Understanding Gaussian Distribution
Gaussian Distribution, also known as Normal Distribution, holds a significant place in statistical modelling and machine learning. This distribution, characterized by its mean and standard deviation, takes the shape of a bell curve symmetrical around its mean.
The Gaussian Distribution is compelling due to the Central Limit Theory (CLT), which suggests that an aggregate of many quantifiable measurements usually cluster around the same values, barring a few anomalies. With an increase in aggregated values, the distribution of these values tends to shift towards Gaussian. It is common to find instances of real-world data, such as quantum harmonic oscillator's ground state or demographic characteristics distribution, modelled adequately by the Gaussian Distribution.

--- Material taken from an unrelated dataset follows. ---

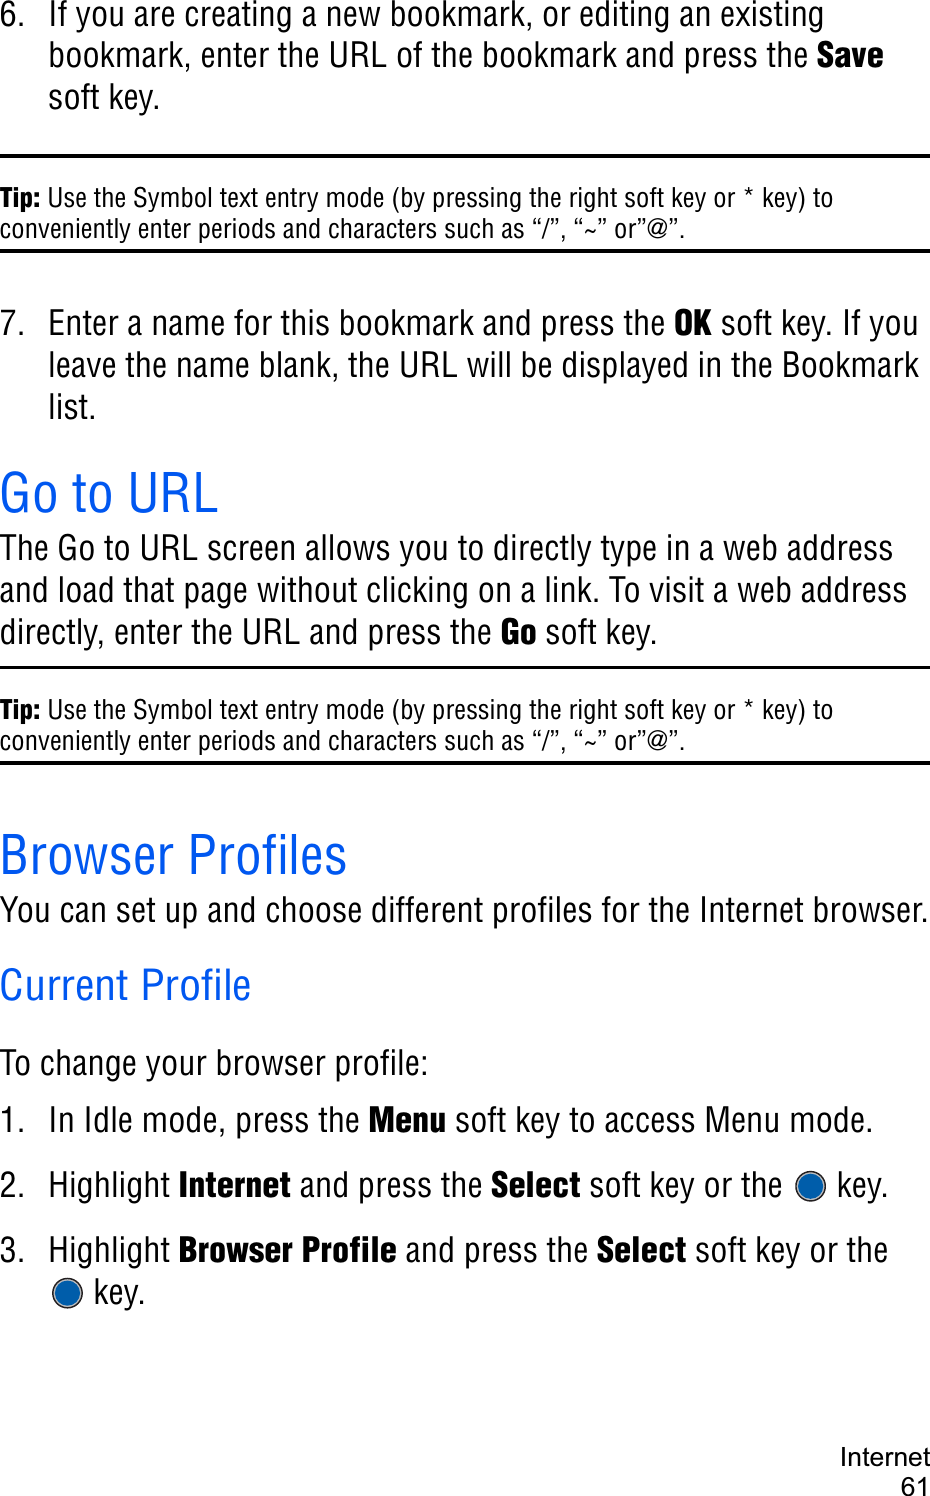 Internet616. If you are creating a new bookmark, or editing an existing bookmark, enter the URL of the bookmark and press the Savesoft key.Tip: Use the Symbol text entry mode (by pressing the right soft key or * key) to conveniently enter periods and characters such as “/”, “~” or”@”.7. Enter a name for this bookmark and press the OK soft key. If you leave the name blank, the URL will be displayed in the Bookmark list.Go to URLThe Go to URL screen allows you to directly type in a web address and load that page without clicking on a link. To visit a web address directly, enter the URL and press the Go soft key.Tip: Use the Symbol text entry mode (by pressing the right soft key or * key) to conveniently enter periods and characters such as “/”, “~” or”@”.Browser ProfilesYou can set up and choose different profiles for the Internet browser.Current ProfileTo change your browser profile:1. In Idle mode, press the Menu soft key to access Menu mode.2. Highlight Internet and press the Select soft key or the  key.3. Highlight Browser Profile and press the Select soft key or the key.

Importance of Gaussian Distribution
The significant contribution of Gaussian Distribution lies in its ability to detail the distribution of many naturally occurring events like the height distribution or IQ scores of individuals. According to the Central Limit Theory, even if the primary data isn't normally distributed, the sum of an extensive collection of independently and uniformly distributed (IID) random variables will follow a Gaussian Distribution.
Gaussian Distribution is a popular choice for data modellers because it makes for an efficient calculation model in statistical analysis. More so, several statistical methods are grounded on the assumption of normally distributed data, simplifying calculations. If the data is normally distributed, the standard normal distribution can be used to compute probabilities and draw statistical inferences.
Gaussian Distribution is widely applied across various domains such as physics, engineering, biology, and economics for representing natural phenomena and data analysis.
Gaussian Distribution Formula
The Gaussian Distribution formula is given as:
f(x) = (1 / sqrt(2 * pi * sigma^2)) * exp(-((x – mu)^2) / (2 * sigma^2)).
In this formula, 'x' is a real number symbolizing a constant random variable's potential value; 'mu' is the distribution mean and 'sigma' the standard deviation.
Also, there's the Inverse Gaussian Distribution that is a continuous probability distribution regularly used to model the time taken to finish a task or distance covered by a particle. This model is employed when the data set displays attributes like heavier tail or right skewing.
Gaussian Distribution in Financial Markets
In financial markets, it is assumed that asset prices follow a Gaussian Distribution. Traders employ models based on the Gaussian Distribution to predict potential trades, analyze price deviations, and evaluate asset over/under valuation. However, the crucial take-away is that even if an asset has observed a normal distribution for an extended period, it doesn't secure its future performance reliability.